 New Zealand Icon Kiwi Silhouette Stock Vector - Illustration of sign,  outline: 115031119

──────

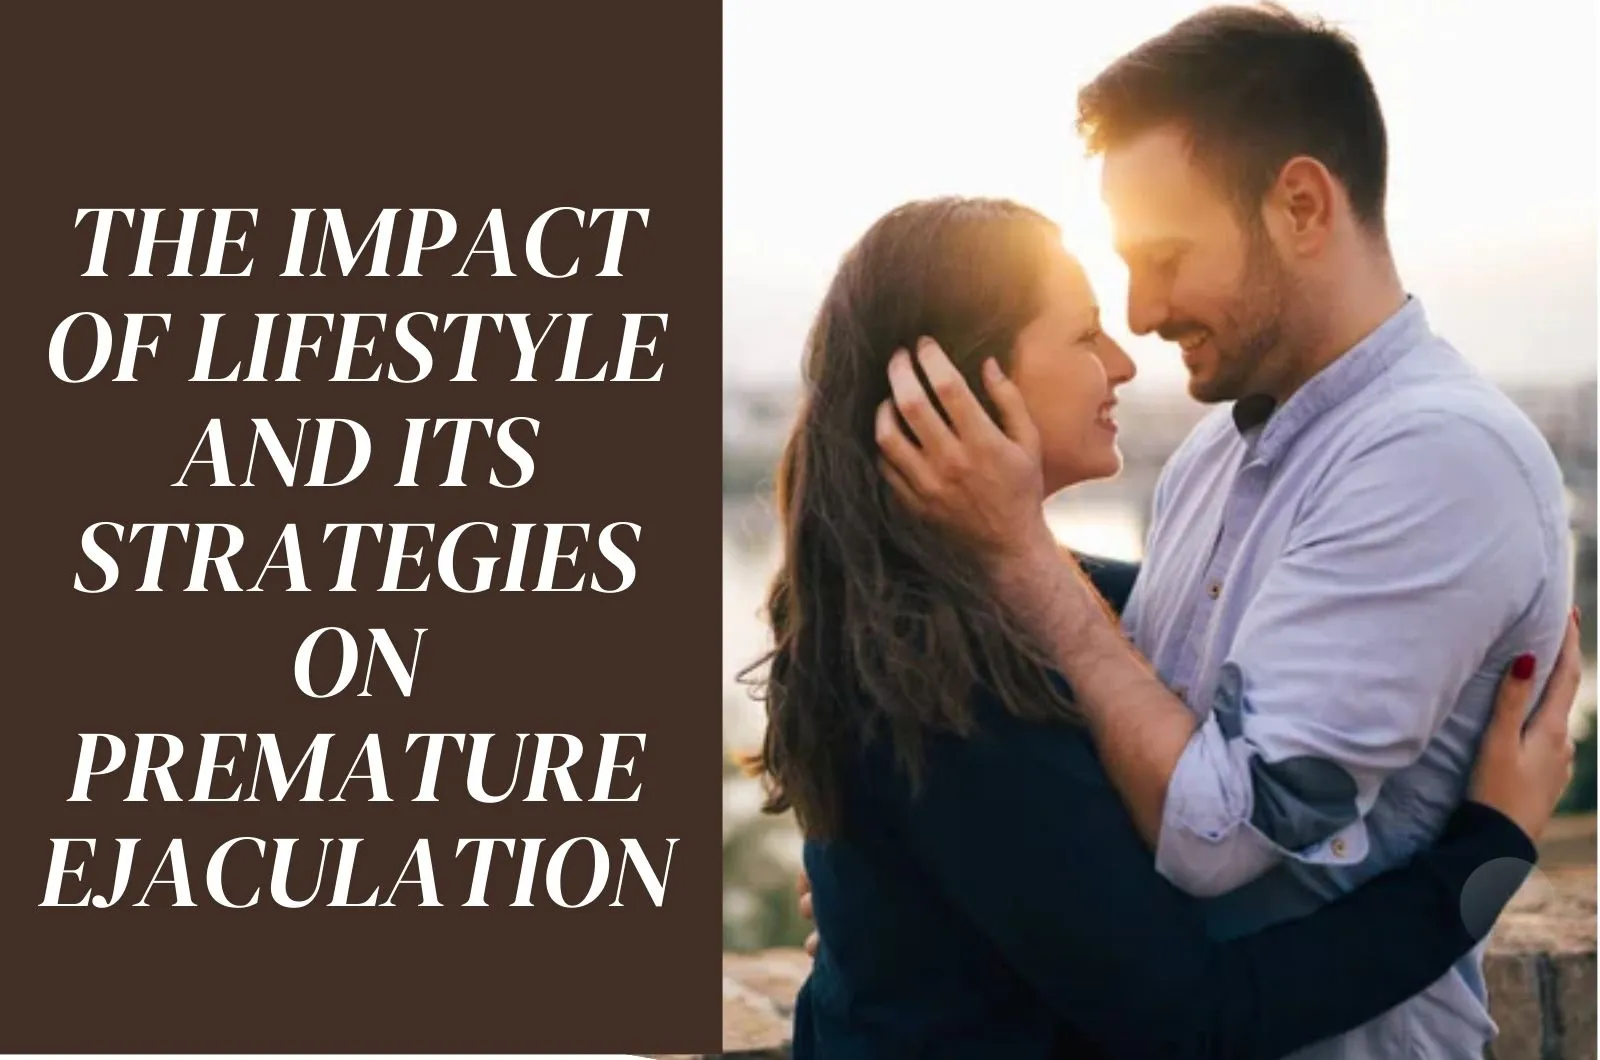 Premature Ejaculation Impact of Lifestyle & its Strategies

──────

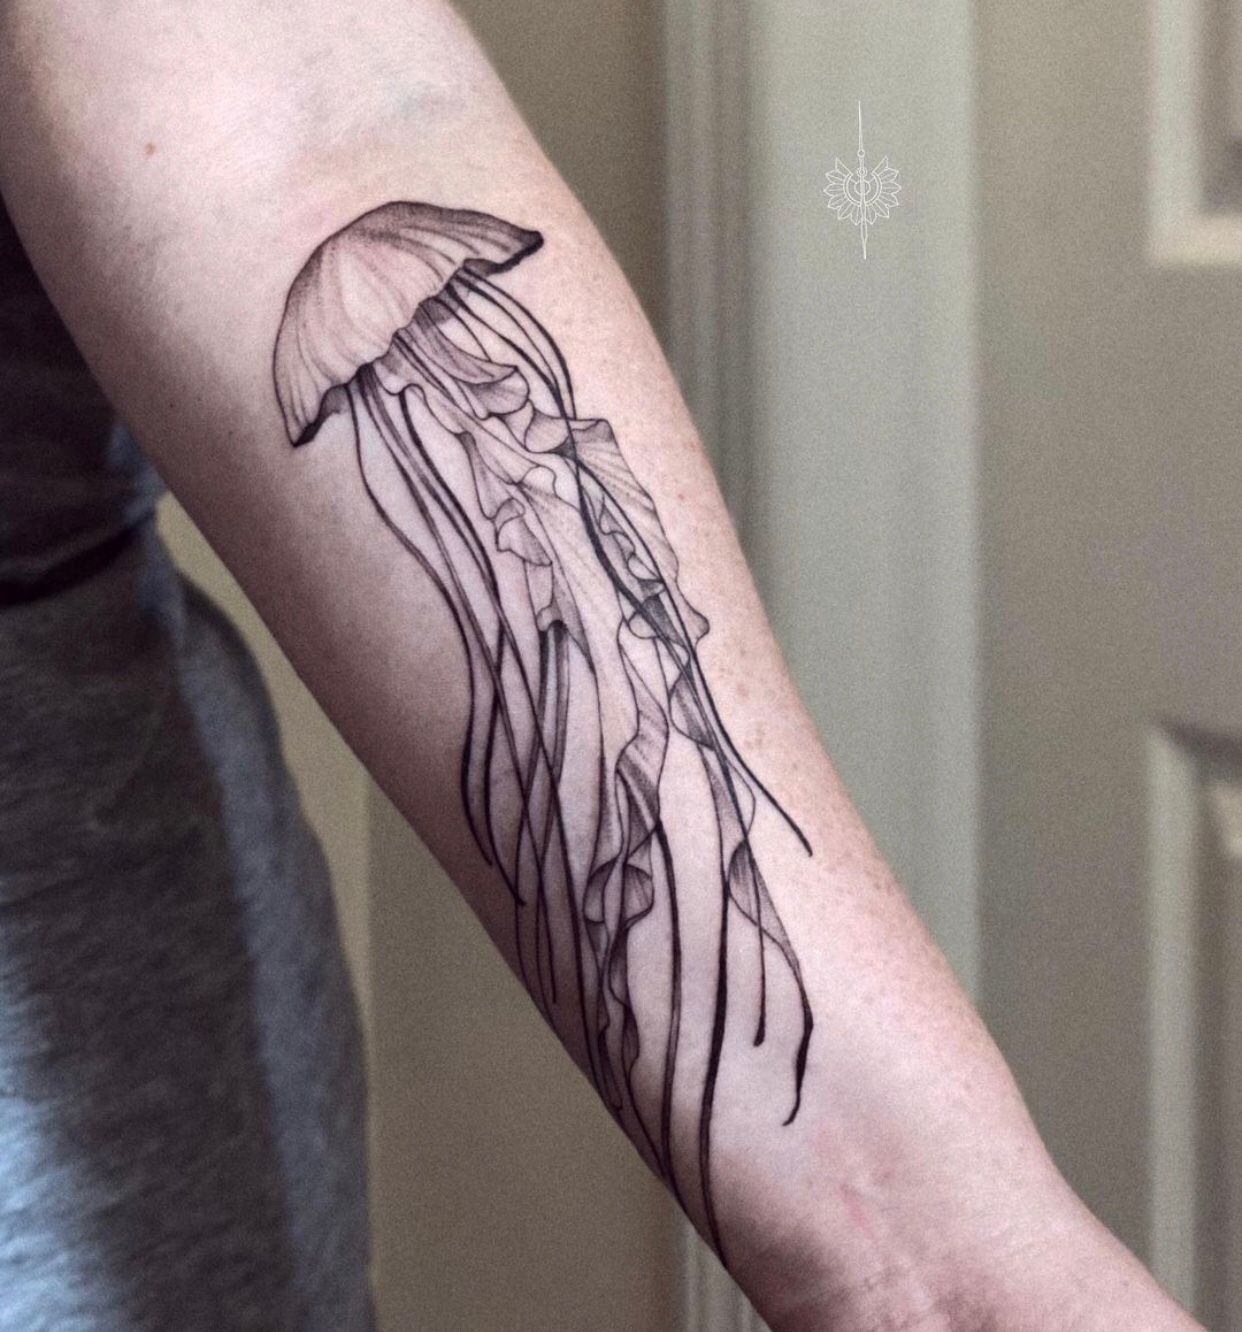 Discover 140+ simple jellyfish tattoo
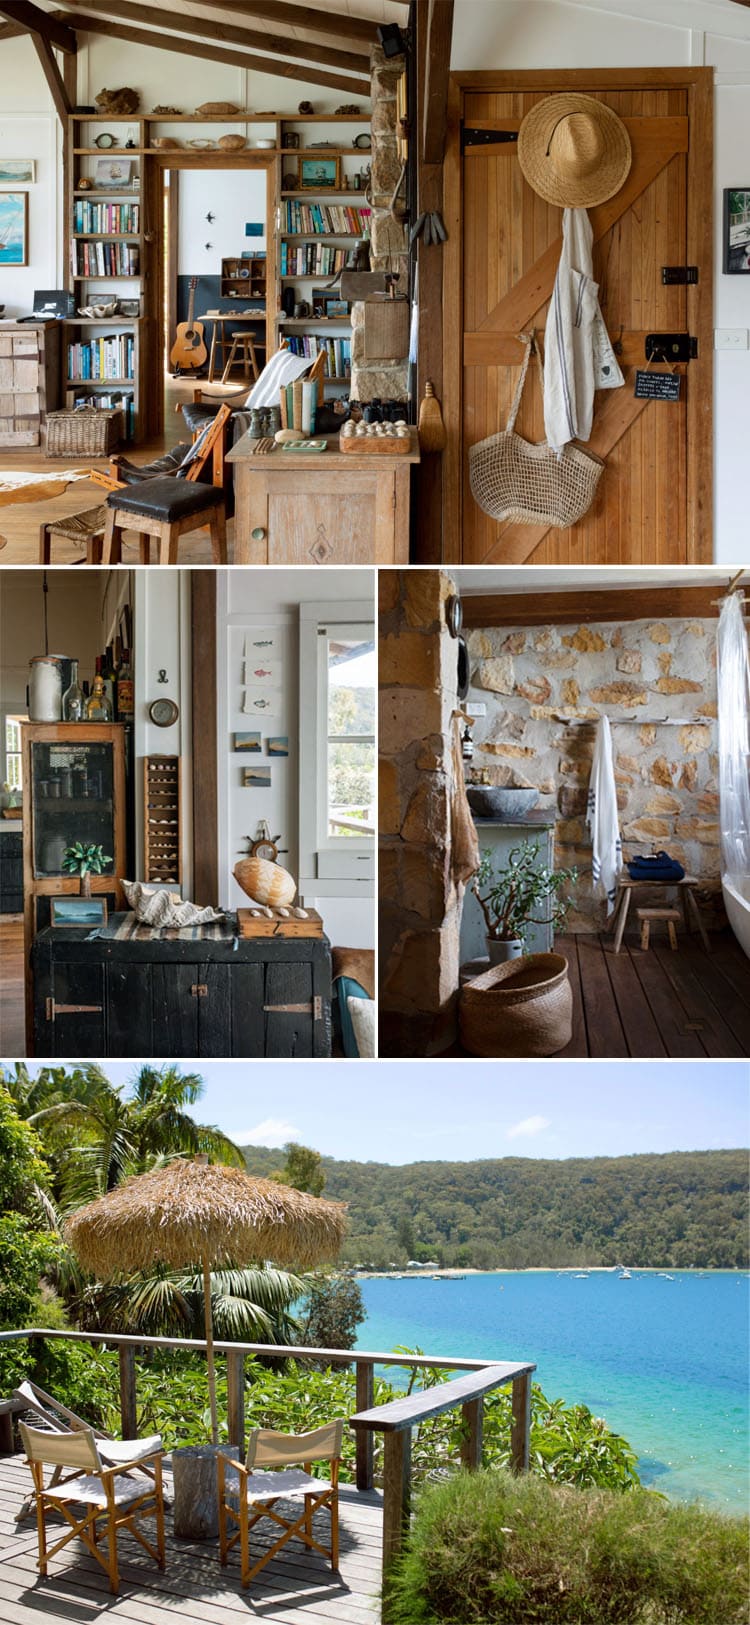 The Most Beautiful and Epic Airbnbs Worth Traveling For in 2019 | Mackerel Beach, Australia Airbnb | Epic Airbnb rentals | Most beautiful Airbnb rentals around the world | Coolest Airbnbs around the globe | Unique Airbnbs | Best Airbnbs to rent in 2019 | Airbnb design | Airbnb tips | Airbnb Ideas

──────

__PROBLEM DETAILS__
Keep to the lines above from the line with "Discover 140+ simple jellyfish tattoo" to the line with "The Most Beautiful", and set down exactly those, inclusive, with nothing else and every picture left out.

__RESPONSE TO THE EXERCISE__
 Discover 140+ simple jellyfish tattoo
 The Most Beautiful and Epic Airbnbs Worth Traveling For in 2019 | Mackerel Beach, Australia Airbnb | Epic Airbnb rentals | Most beautiful Airbnb rentals around the world | Coolest Airbnbs around the globe | Unique Airbnbs | Best Airbnbs to rent in 2019 | Airbnb design | Airbnb tips | Airbnb Ideas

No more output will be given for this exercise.